Сложив его привычку мыслить исключительно категориями существенного и предрасположенность пренебрегать формой, неудивительно услышать его слова: «Я никогда не вступал ни в одну церковь, потому что мне было трудно без мысленных оговорок согласиться с длинными, сложными изложениями христианского учения, которые характеризуют их символы веры и исповедания. Когда какая-либо церковь начертает над своим алтарем в качестве единственного требования для членства сжатое утверждение Спасителем сути как Закона, так и Евангелия: «Возлюби Господа Бога твоего всем сердцем твоим, и всею душою твоею, и всем разумением твоим, и ближнего твоего, как самого себя», — эту церковь я присоединюсь всем сердцем и всей душой»(5).

Но не следует полагать, что его религия сводилась к простой этике. У нее было три главных постулата. Чудилось присутствие Бога на протяжении всей его поздней жизни. Оно попутно проявляется в его государственных документах языком, который для столь глубоко искреннего человека следует воспринимать буквально. Он верил в молитву, в реальность общения с Божественным. Третьим его постулатом было бессмертие.

В Вашингтоне Линкольн регулярно посещал пресвитерианскую церковь на Нью-Йорк-авеню, хотя и не был ее прихожаненом. С ее пастором, преподобным П. Д. Герли, у него сложились близкие дружеские отношения. Многие часы они провели в интимных беседах на религиозные темы, особенно о вопросе бессмертия(6). Другому благочестивому посетителю он искренне сказал: «Надеюсь, я христианин»(7). Могло ли что-то, кроме самой прочной веры, породить это «Размышление о Божественной воле», записанное им осенью 1862 года для чужих глаз: «Воля Божья преобладает. В великих конфликтах каждая сторона заявляет, что действует в соответствии с волей Божьей. Обе не могут быть правы, и одна должна ошибаться. Бог не может быть за и против одного и того же одновременно. В нынешней гражданской войне вполне возможно, что замысел Бога отличается от замысла каждой из сторон; и тем не менее человеческие орудия, действуя именно так, как они действуют, лучше всего приспособлены для осуществления Его замысла. Я почти готов сказать, что это, вероятно, так; что Бог желает этой борьбы и желает, чтобы она еще не кончалась. Своей великой властью над умами нынешних участников Он мог бы либо спасти, либо уничтожить Союз без человеческой борьбы. И тем не менее борьба началась. И начавшись, Он мог бы даровать победу любой из сторон в любой день. И тем не менее борьба продолжается»(8).

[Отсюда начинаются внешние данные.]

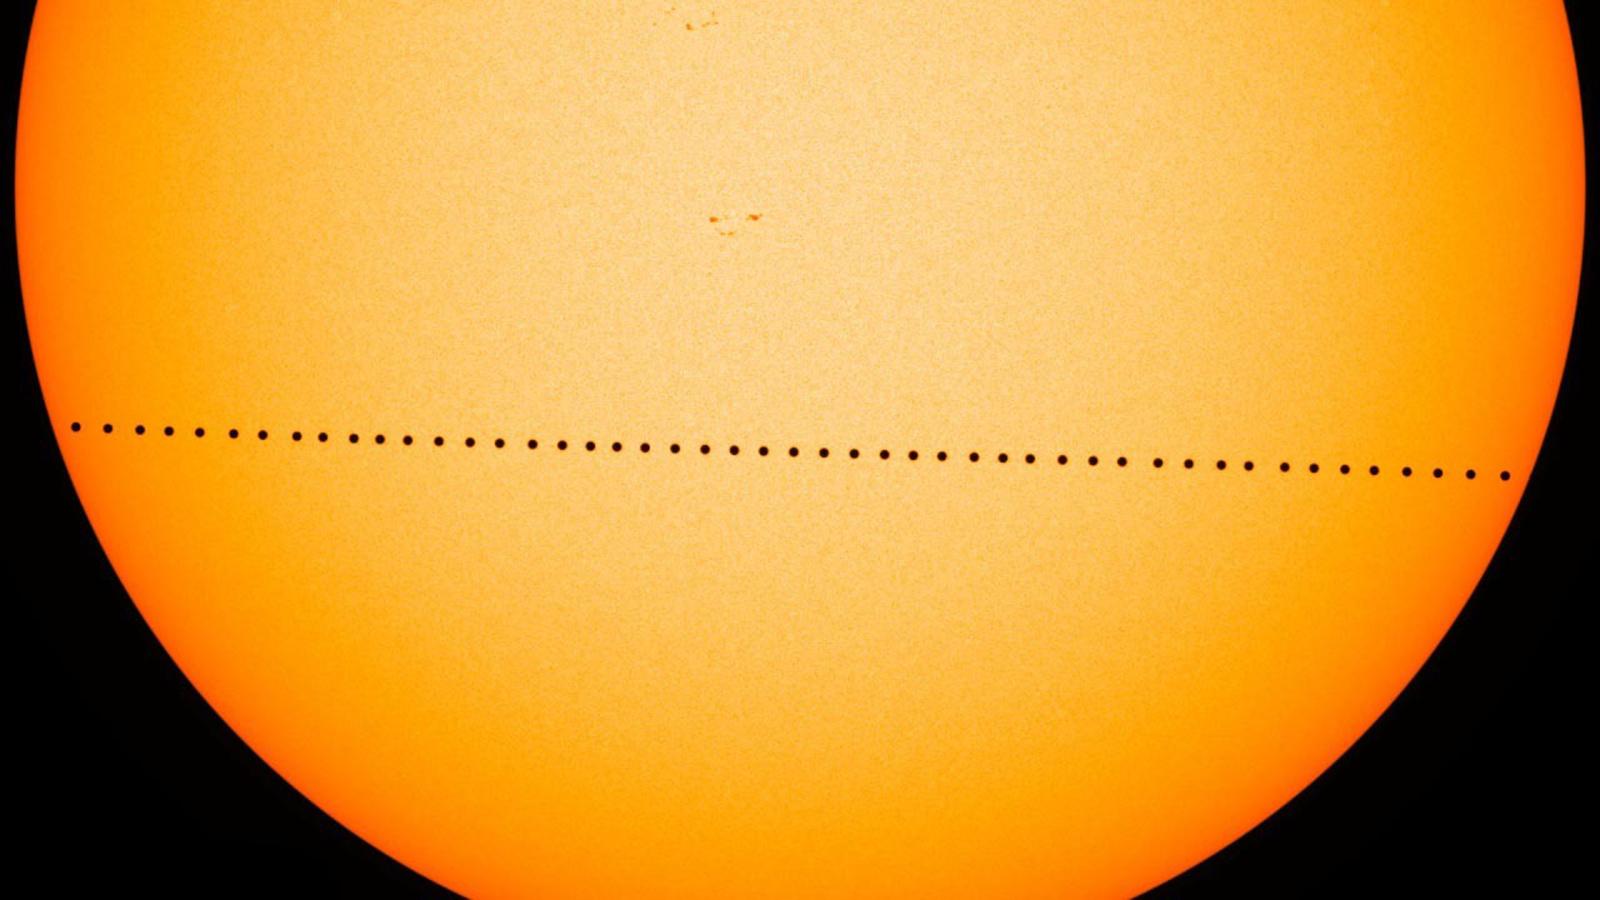 Le passage de Mercure devant le Soleil

Его религия расцвела в его позднем настрое. Она, конечно, не преодолела его меланхолию. Она была слишком глубоко укоренена. Более того, в дошедших до нас свидетельствах мы не находим уверенности в том, что это была радостная фаза религии. Ни экстатическая радость диких женщин, которая была свойственна его матери, ни безмятежная радость ритуалиста, которую он не понимал, ни другие варианты радости веры не достались на его долю. В его финальной стадии созрела высокая, но суровая религия. Было ли это данью далеким предкам-пуританам? Обнаружили ли строгие, немногословные железнобокие, уверенные в Господе, но не позволявшие себе вольностей со своими душами, своего потомка? Возможно. Кромвель в некоторых отношениях был несомненно его духовным сородичем. У обоих — та же отчужденность души, то же равнодушие к суждениям мира сего, то же мужество, тот же фатализм, то же окружение тенью Всевышнего. Кромвель в свои лучшие минуты, будь он наделен литературным даром Линкольна, мог бы написать Прокламацию о дне поста 1863 года, которая является самым ярким религиозным фрагментом Линкольна.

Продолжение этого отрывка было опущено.